Bill Reith is a retired GP from Aberdeen

Published in 2019 as ‘The Pandemic Century: One Hundred Years of Panic, Hysteria and Hubris’, it is perhaps not surprising that the book mutated into ‘The Pandemic Century: A History of Global Contagion from the Spanish Flu to Covid-19’ earlier this year. The mutation came about towards the end of March when the author was recovering from what was probably Covid-19; he had developed a temperature and cough – but because of a lack of NHS testing kits, he was unable to have the diagnosis confirmed. And that is a particular irony given that one of the issues the book highlights is our lack of preparedness for Covid-19.

Written in a style you might expect of a first-rate investigative journalist, who also happens to be a medical historian, Honigsbaum has skilfully interwoven the multiple strands of ten pandemics that have raged over the past century.  Some are familiar to us, such as Spanish Flu, AIDS and Ebola, others less so, such as the plague in Los Angeles in the 1920s and the great parrot fever pandemic in the 1930s. However, each has something important to tell us. Honigsbaum has succeeded in telling the human story as well as explaining the medical (and veterinary) science. He highlights the ways in which changes in human behaviour have influenced the pattern of spread of infectious disease – cultural and social factors as well as ecological ones. Perhaps not surprisingly, one of the key features of the book is how little we seem to have learned over that hundred years.

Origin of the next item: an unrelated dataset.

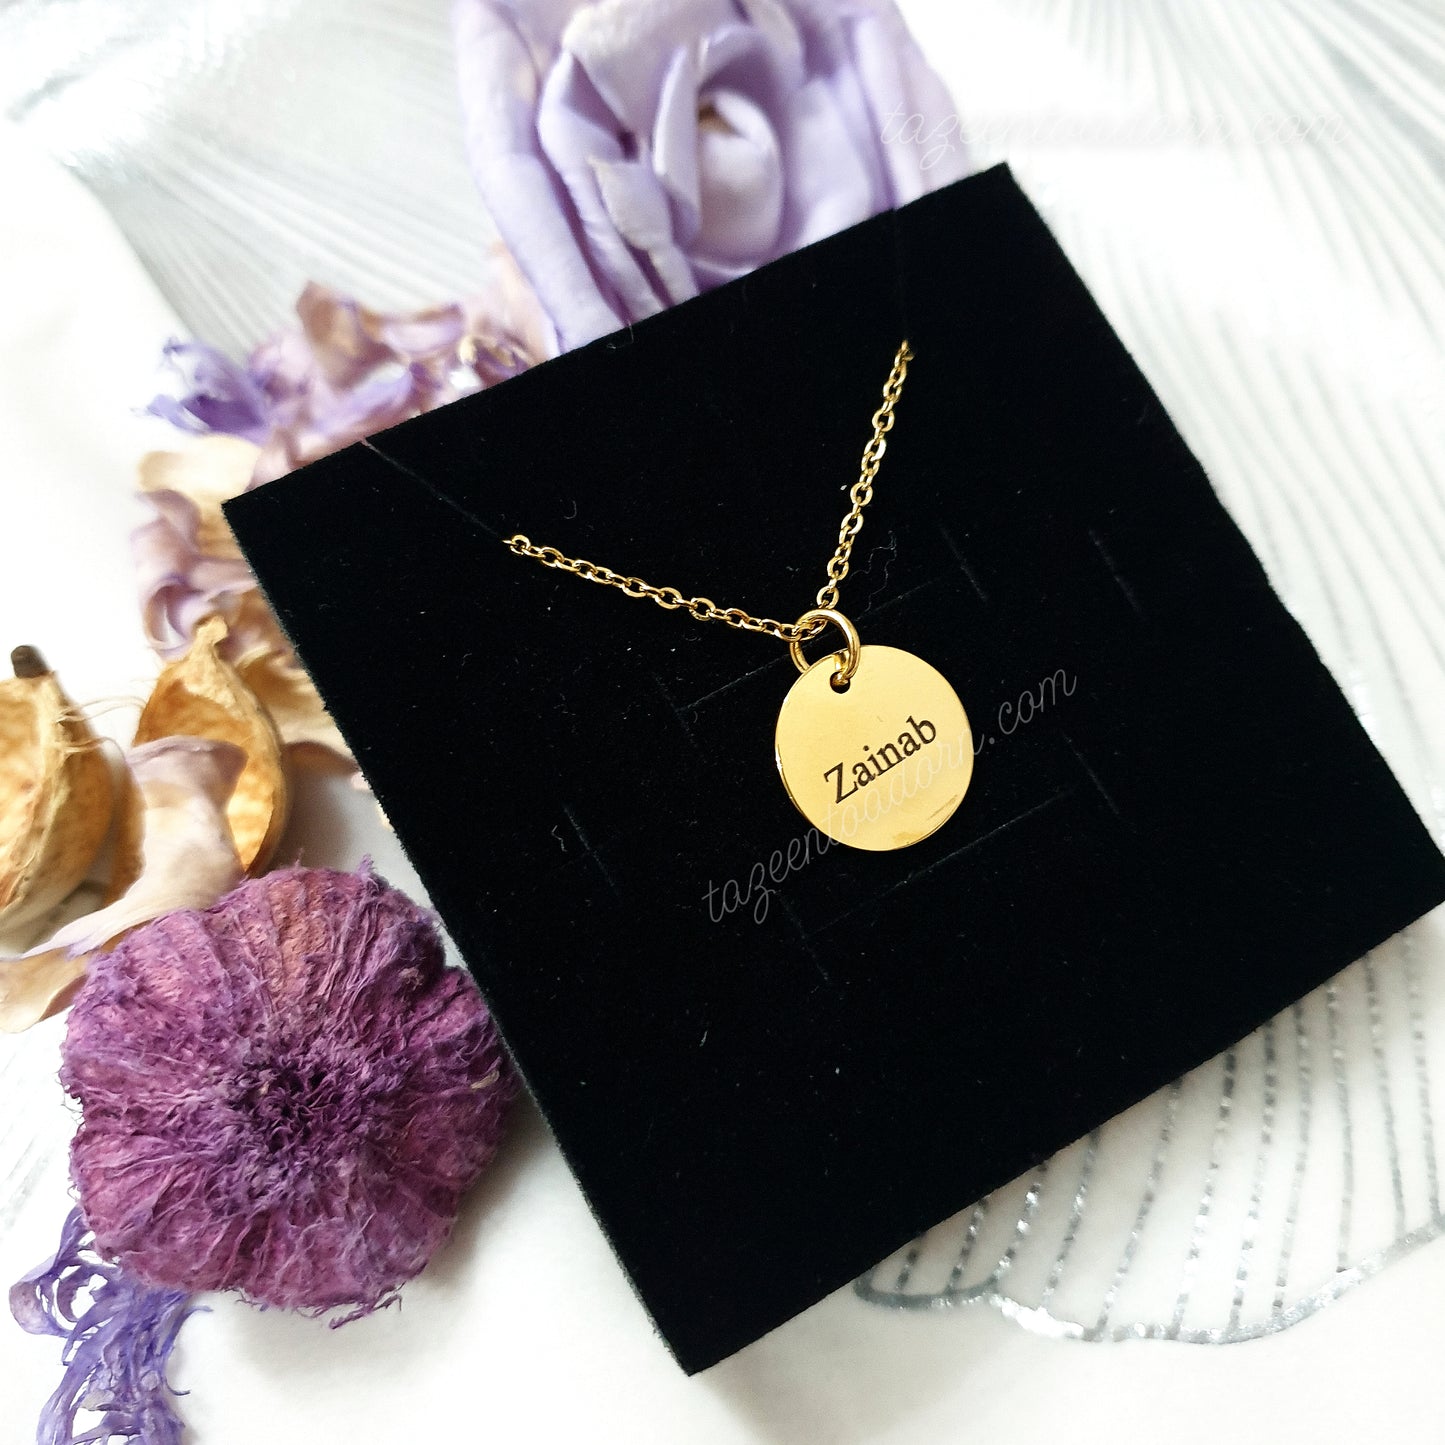 Name 'Zainab' - Arabic Coin Name Necklace - 18K Gold Plated
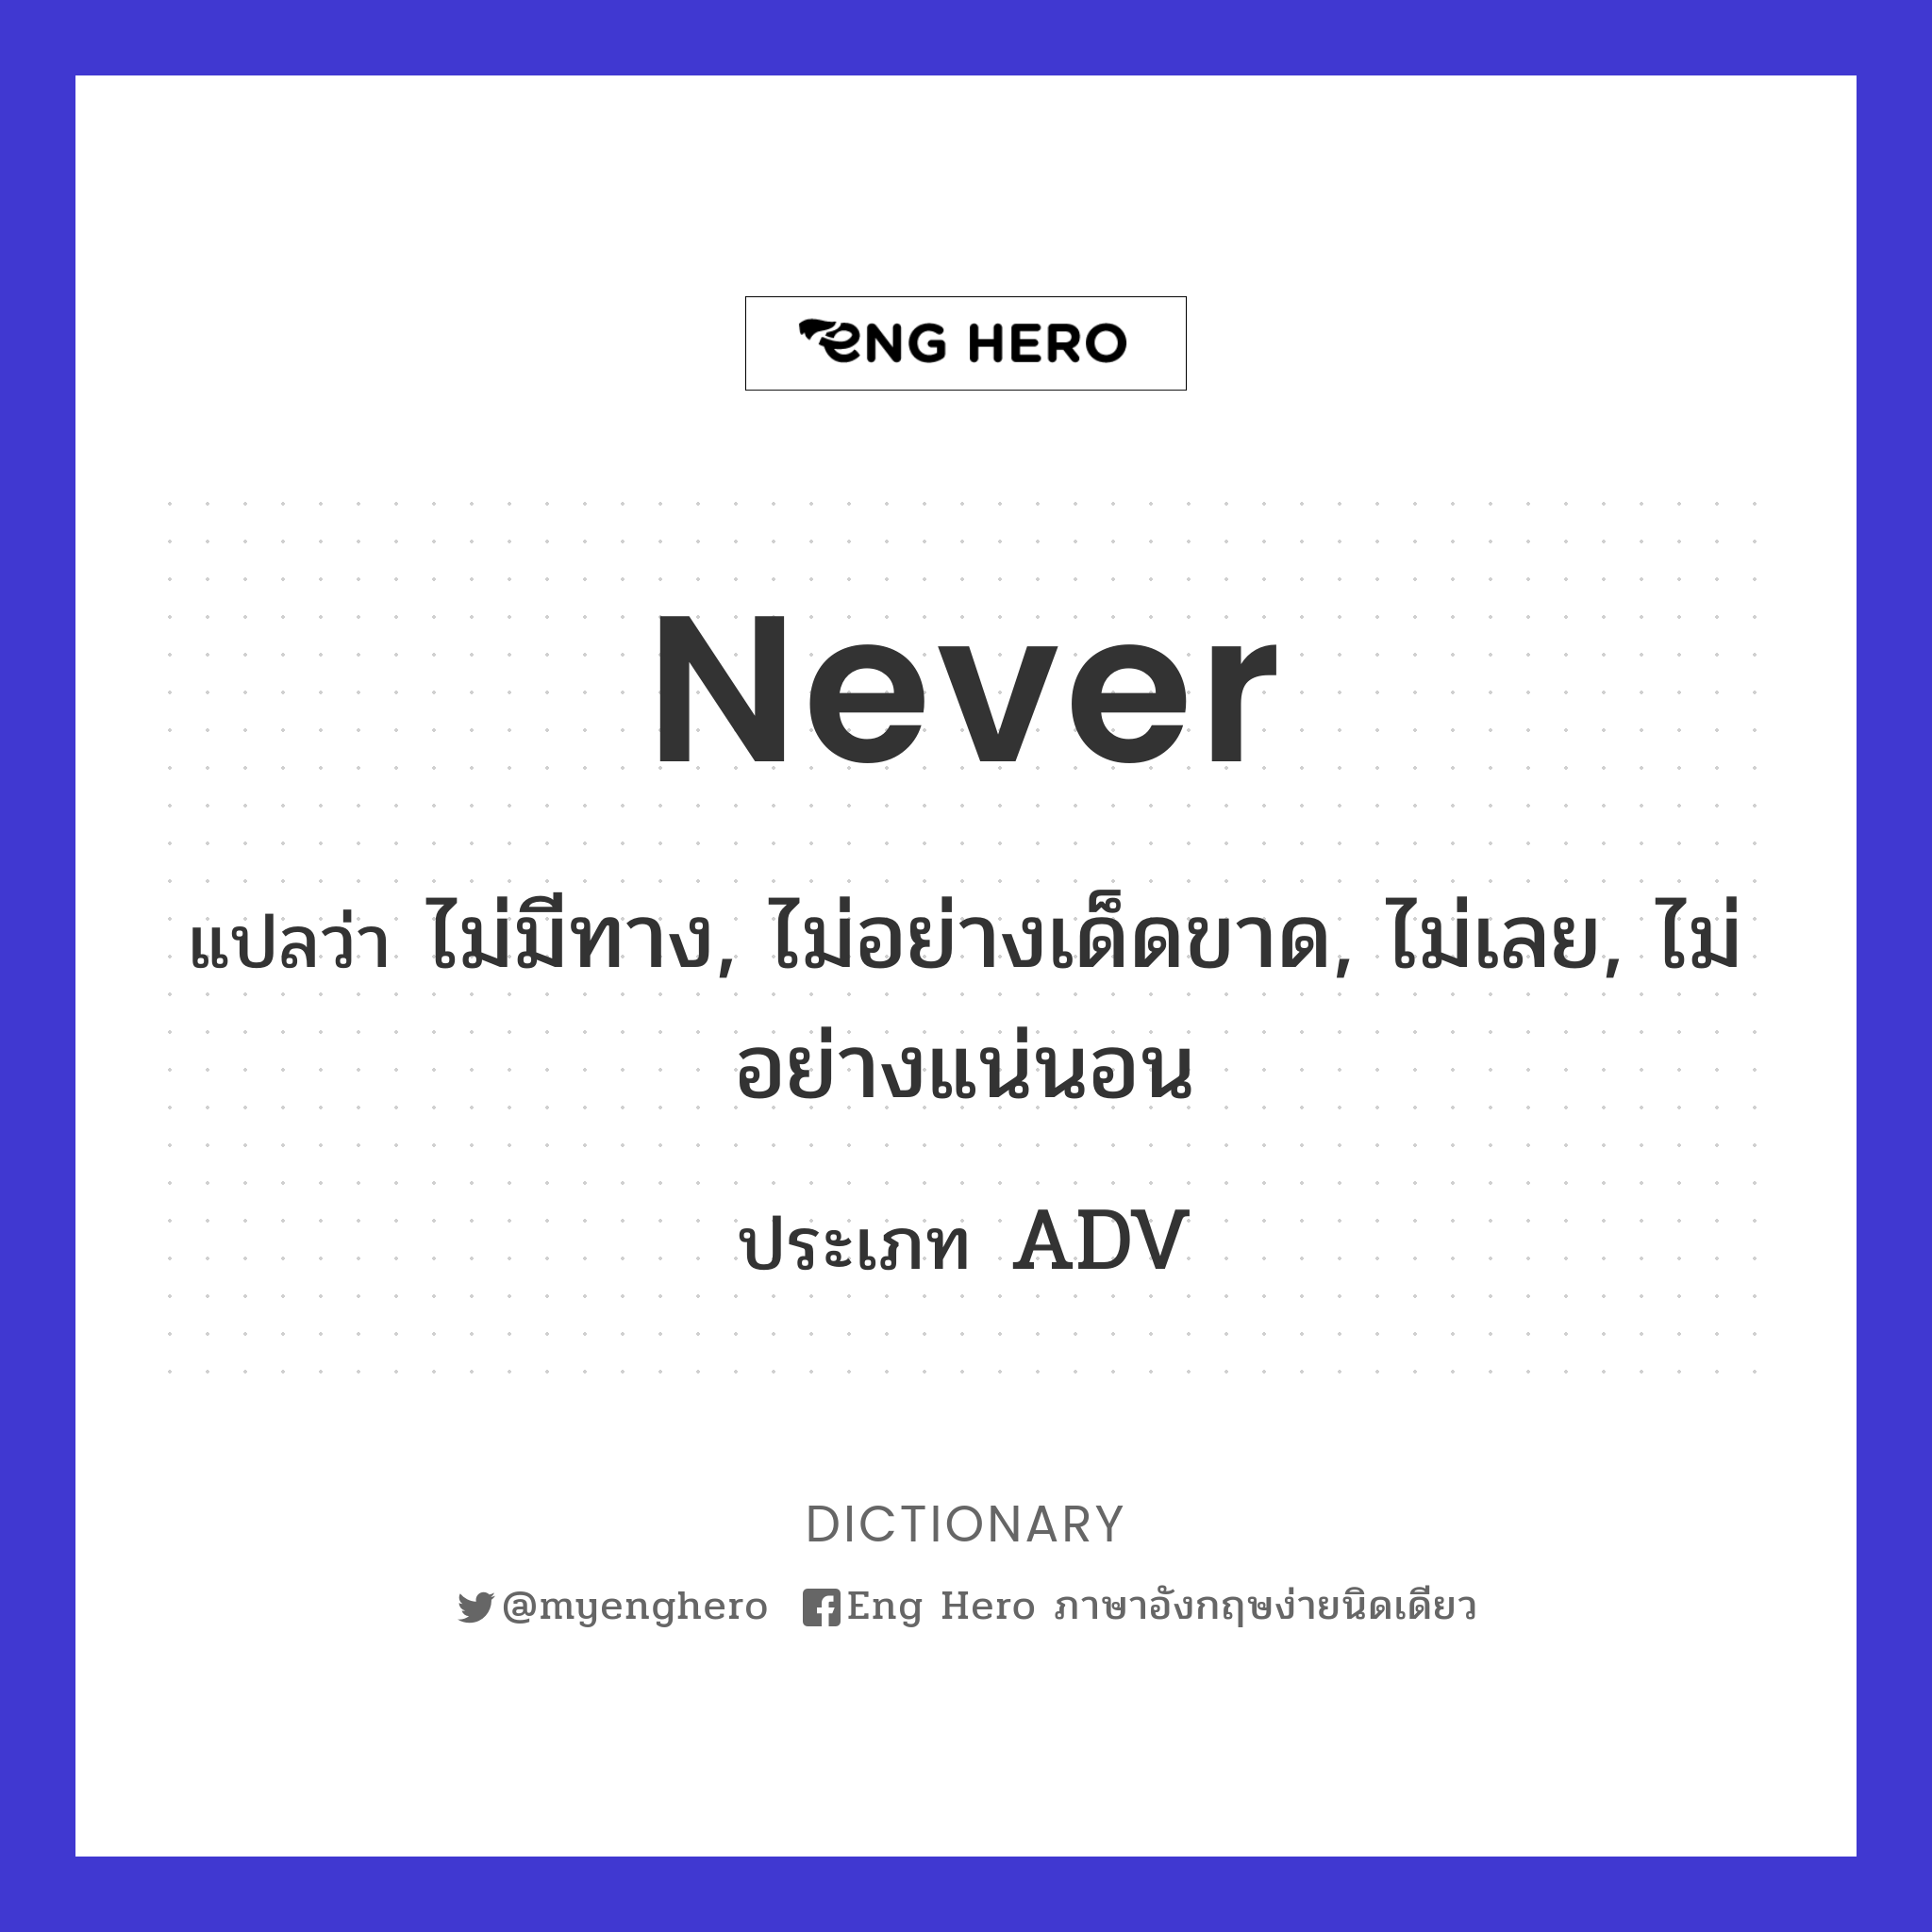 never

We were as unprepared for the Covid-19 pandemic as we were for those that preceded it.

One of the key features of the book is how little we seem to have learned over that hundred years.

Honigsbaum describes the courage and determination of individual epidemiologists as they track down the source of disease as well as the barriers they face from local, national and global authorities and institutions. He highlights the role that long held community beliefs and traditions have in spreading the disease as well as the disproportionate impact on deprived communities of the sometimes harsh and ill thought out measures to control spread. He details the enormous progress made by brilliant scientists as well as the sometimes bitter rivalry between different groups of scientists. After all, who wants to be the second person to describe a breakthrough? He reflects on the understandable moves to improve living standards resulting in urbanisation and globalisation as well as the negative and often unpredictable impact on the wider environment.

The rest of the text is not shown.